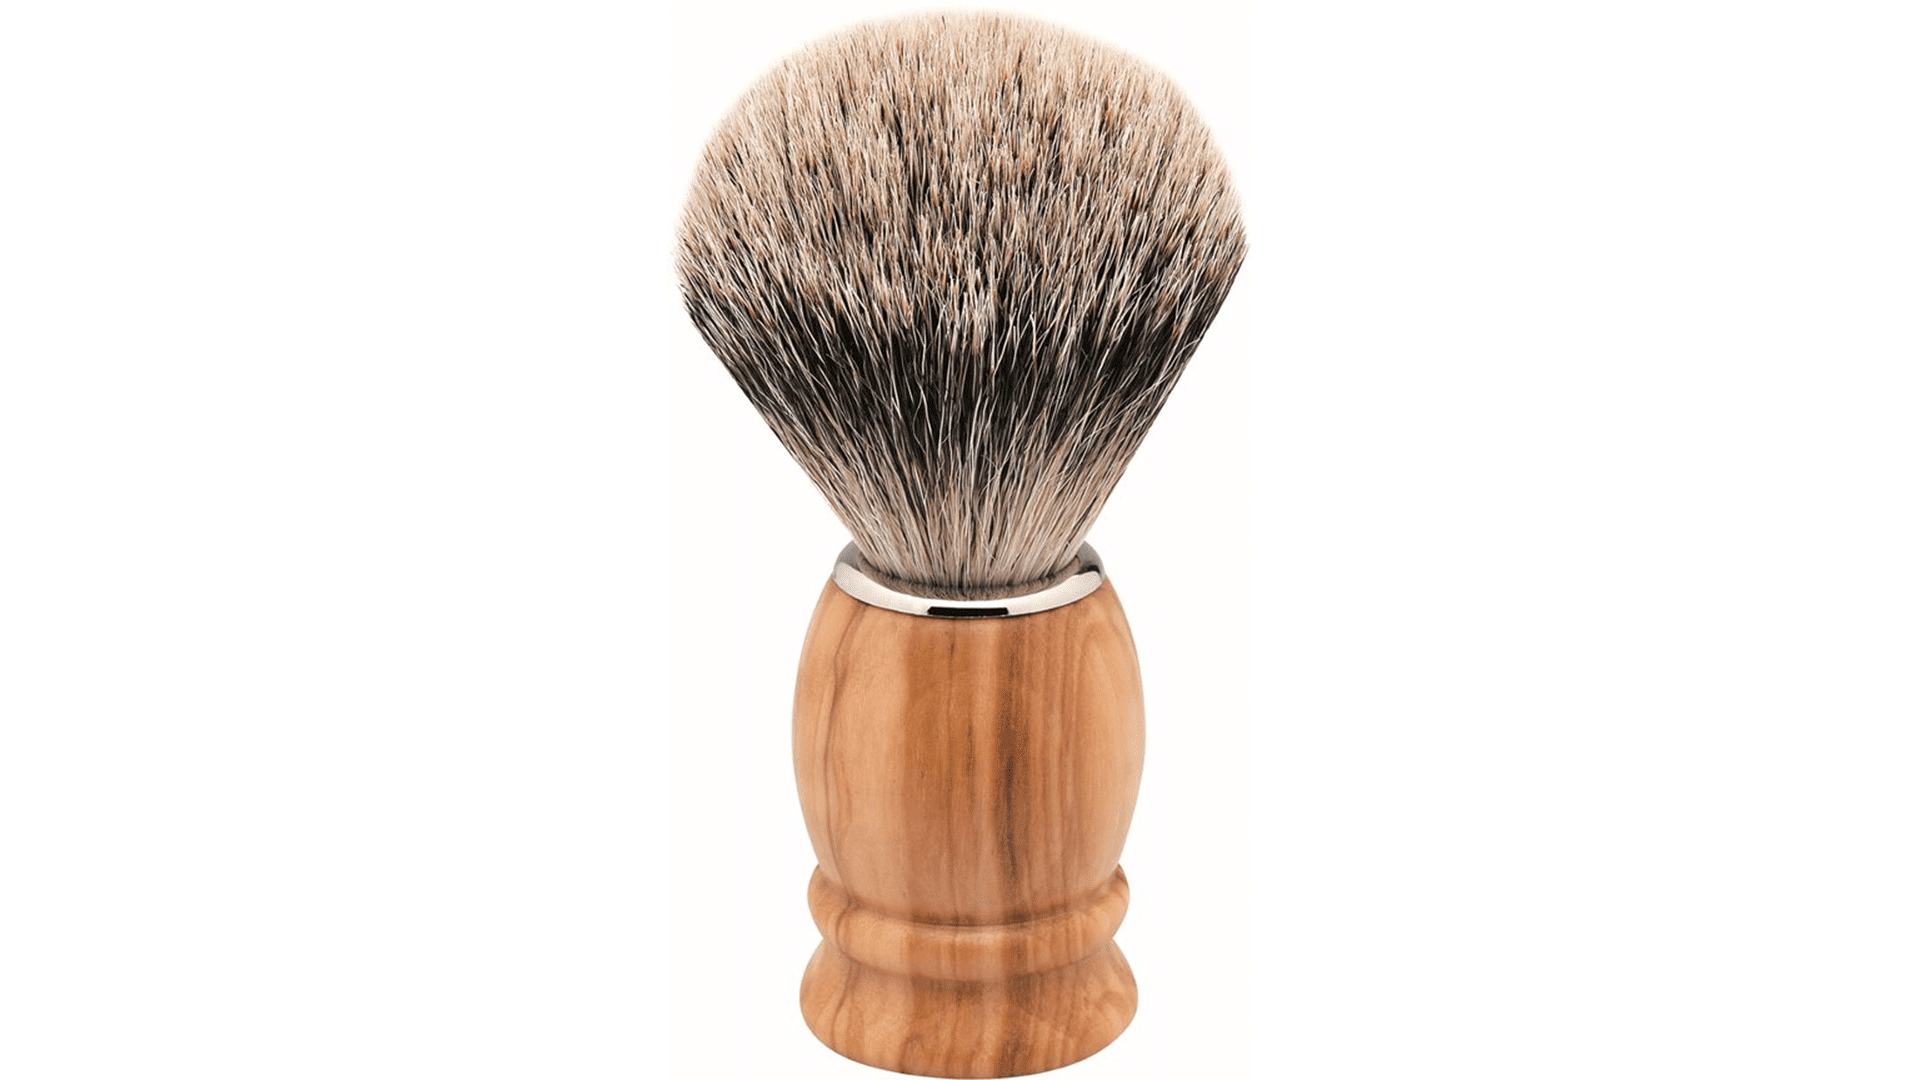 olive L | Rottner badger brush sales Erbe shaving wood hair Knife
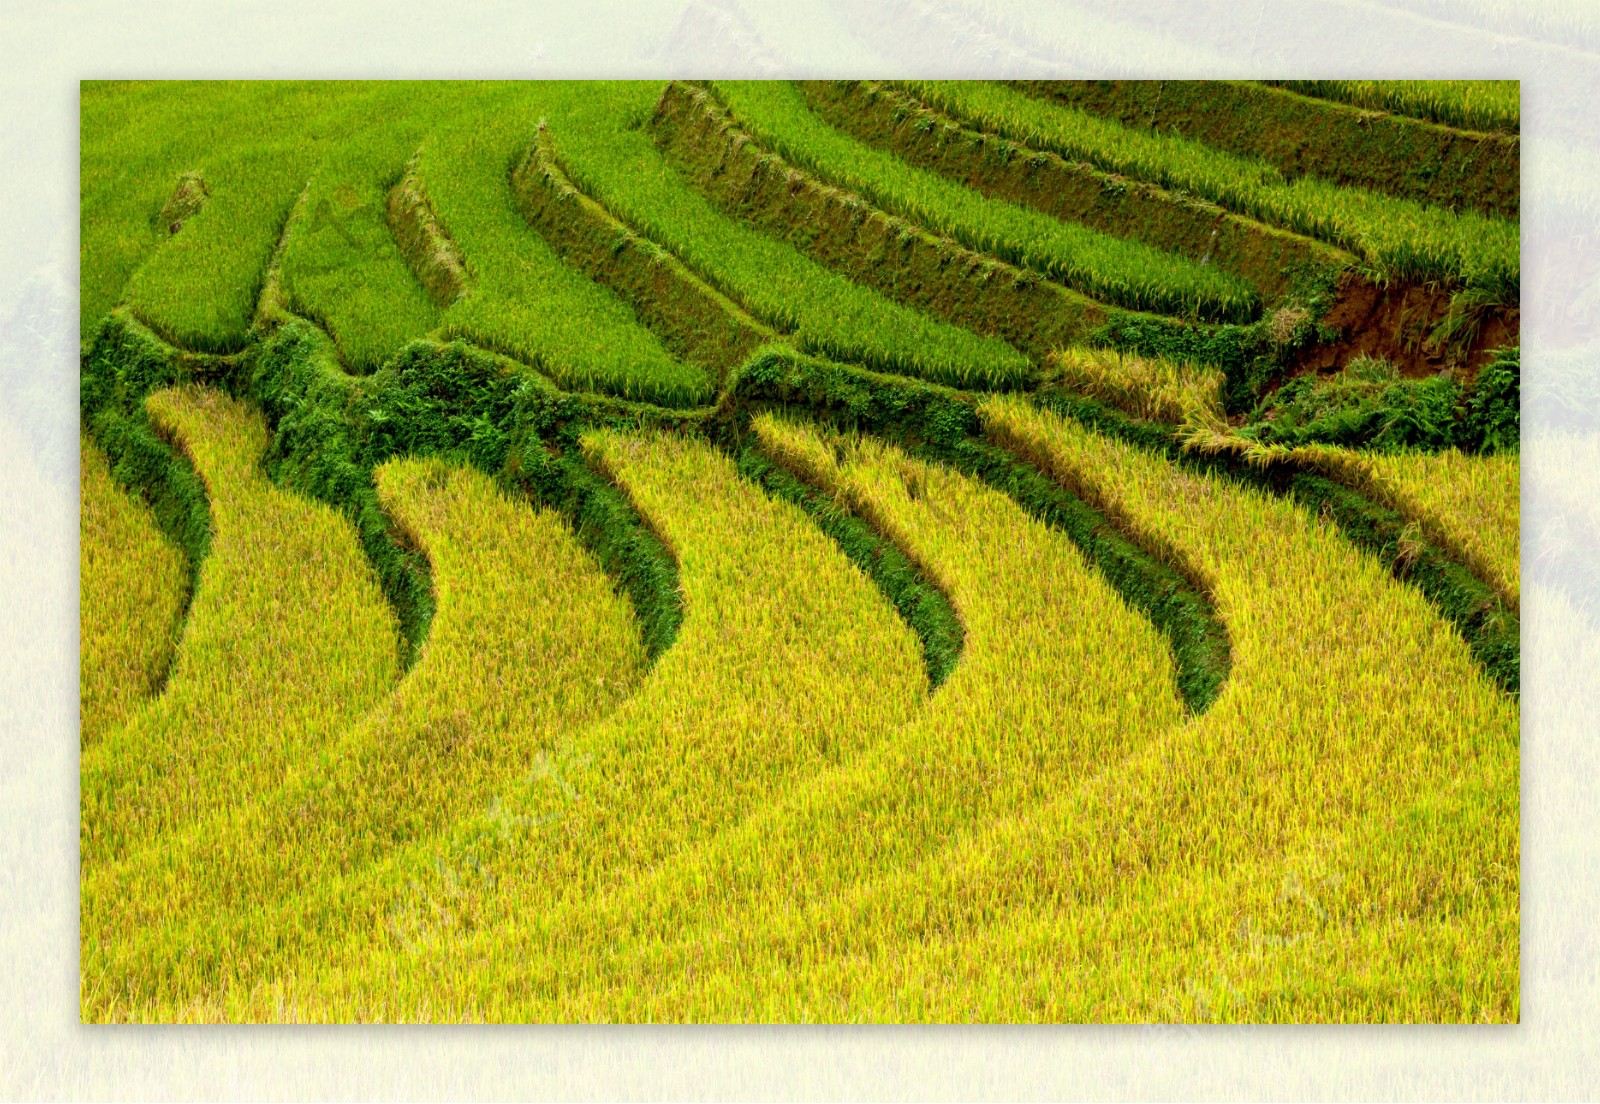 收获季节的稻田景色图片
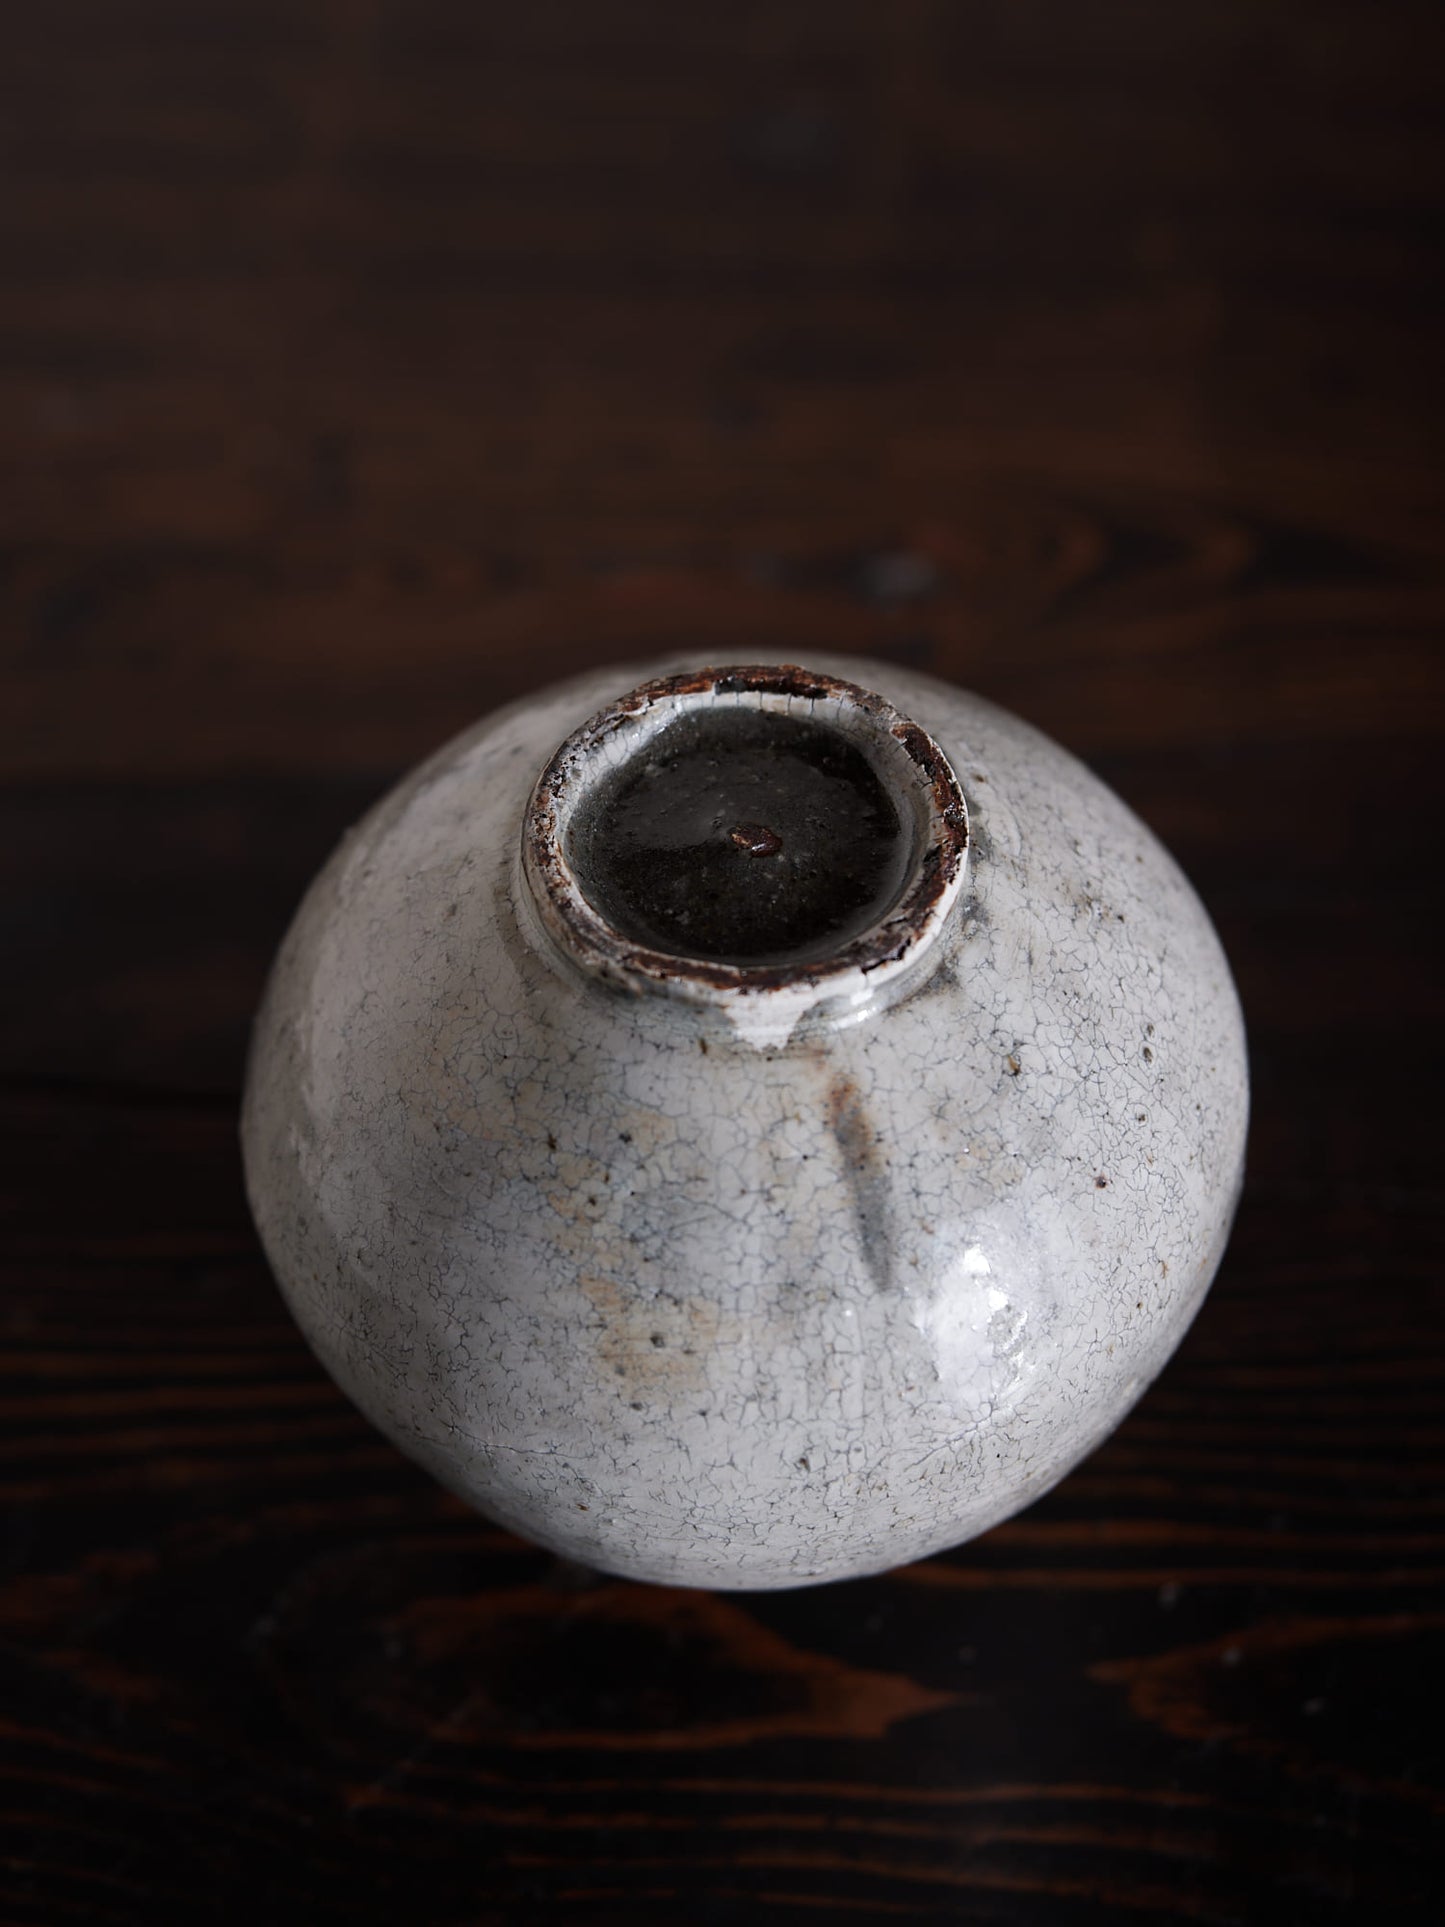 Rimpei Watanabe | Ceramic Vase 
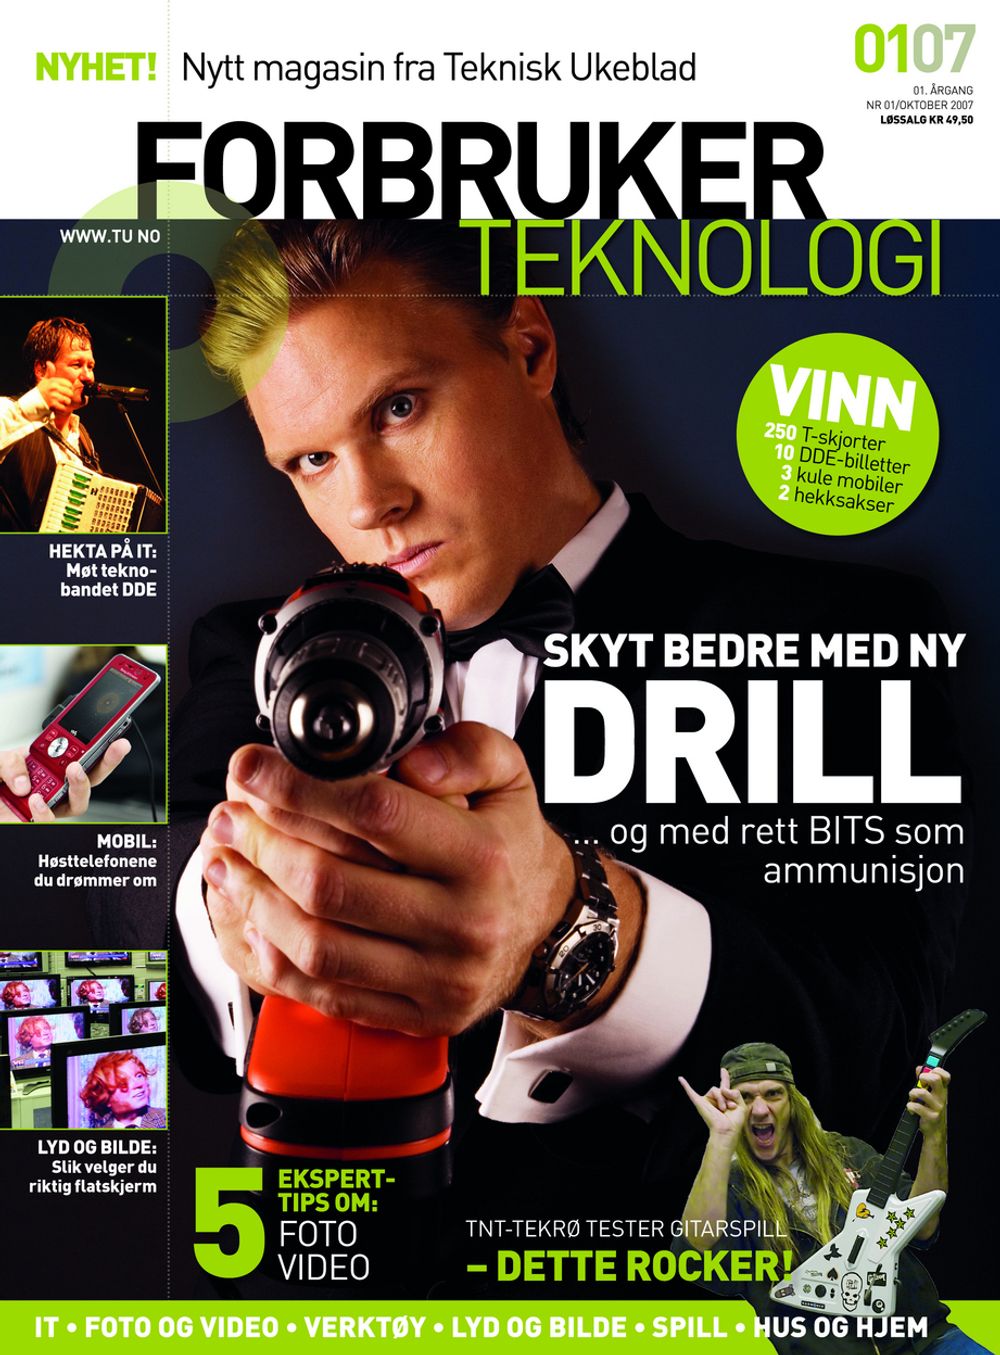 SE ETTER DETTE: Fredag 12. oktober kommer det nye magasinet Forbrukerteknologi. Opplaget er på hele 110 000 eksemplarer, som vil gjøre Forbrukerteknologi til Norges desidert største forbrukermagasin i sitt slag.

Directions for this task:
Could you retype every line above exactly as it appears, skipping the pictures?

Written response:
 olive L | Rottner badger brush sales Erbe shaving wood hair Knife
 收获季节的稻田景色图片
 Rimpei Watanabe | Ceramic Vase 
 SE ETTER DETTE: Fredag 12. oktober kommer det nye magasinet Forbrukerteknologi. Opplaget er på hele 110 000 eksemplarer, som vil gjøre Forbrukerteknologi til Norges desidert største forbrukermagasin i sitt slag.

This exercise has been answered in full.